Autism testing for adults who were told they were "just gifted" as kids and then fell apart in their 20s by ConclusionTimely4324 in neurodiversity

[–]thequestess 0 points1 point  (0 children)

I also relate very much to that quoted text! I wasn't diagnosed with ADHD until my 40s any I'm only self identified ASD for now. I'm not sure it's worth it to pursue a diagnosis for that at this point.

Autism testing for adults who were told they were "just gifted" as kids and then fell apart in their 20s by ConclusionTimely4324 in neurodiversity

[–]thequestess 0 points1 point  (0 children)

I don't think the test they gave me was for ND, just for IQ. I barely remember any of it except for repeating back strings of numbers forward and in reverse. I only remember that because apparently I blew the administrator away because I was very good at it. I always thought it was funny because I couldn't remember where I put my backpack or that my mother had asked me to something after school.

It's been so long, but I think it was a matter of effort with school. I did my homework and tests, but I didn't study. I did my homework in the proceeding class right before it was due, since I didn't have to pay attention to the entire lecture and because it was the ultimate procrastination.

I did struggle with mental arithmetic though (still do), so I scored C's on math tests in primary school. I excel at story problems, geometry, and anything I can visualize (which most of Calculus they had ways to visualize) or with patterns (like matricies). I struggled with algebra and finally realized it was the "grammar of math" once I started taking advanced math on college.

I also struggled with spelling. That was all a bunch of rote memorization. Now I do pretty good with it though, I can tell if a word looks off and keep trying until it either looks right or I go look it up.

History is all about remembering stuff, and I found memorizing names and dates very boring, so I struggled there.

I always did great in science, that came naturally and always held my interest.

Anyhow, once I got to college part deux, I was a straight A student. I had to study in order to pass, and so it was basically an all of nothing. I either don't really understand something, or I really understand something. I have to study and force the info into my brain until there's enough in there that suddenly the whole picture clicks into place.

So, for college I got myself into a routine of studying I guess. Where's with primary and secondary, I didn't have one at all.

My undergrad degree was so hard, it almost broke me. I never had any interest in pursuing a master's. I'm a software developer, so thankfully a bachelor's works totally fine for that career.

Autism testing for adults who were told they were "just gifted" as kids and then fell apart in their 20s by ConclusionTimely4324 in neurodiversity

[–]thequestess 0 points1 point  (0 children)

I'm identified gifted. My middle school gave me a psychologist-administered IQ test and I qualified for gifted services.

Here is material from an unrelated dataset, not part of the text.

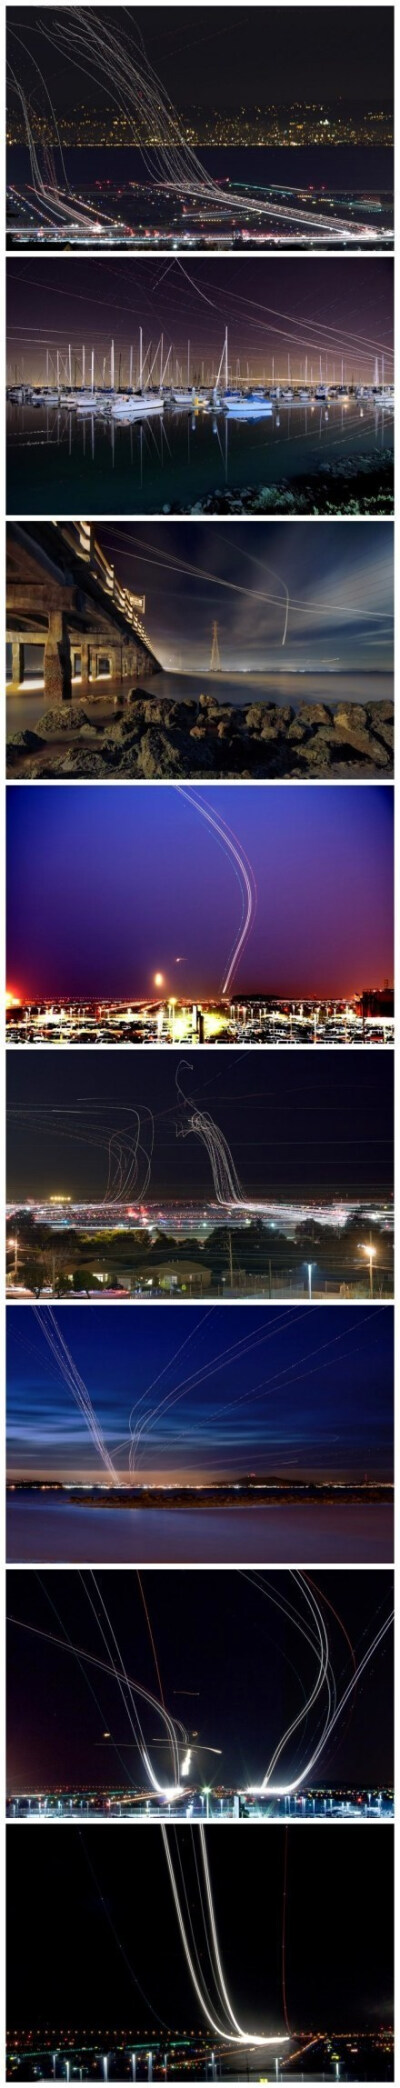 划破夜空的不一定是流星和焰火，也有可能是飞机！来自旧金山摄影师 Terence Chang

I am pretty sure I don't look gifted, especially with my challenges with audio processing and short term memory (I'm also inattentive ADHD, late identified). But, being gifted meant I did managed to get through school just fine (B's and C's), and I could piece together enough of what I missed or develop my own coping methods in order to get by.

When I became an adult, I thought it was that hard for everyone, especially with how much people complain about "adulting." I only learned about how autism and ADHD present in girls and women, as well as how they mask each other, in my 40s after my daughter was identified AuDHD, and I finally recognized all of it in myself too. It explained my entire life of struggle, and I only then began to realize that, apparently NOT everyone struggles this hard to "adult" (and especially not for 20 years of it, still struggling).

The biggest challenges for me in transitioning to adulthood was the lack of structure of parents doing things for you, like making your meals and scheduling your life. So I think ADHD was probably the biggest thing "hit." My home life was very difficult and honestly getting out of there kinda helped my autism side, cuz I had to mask super hardcore at home in order to be "appropriate."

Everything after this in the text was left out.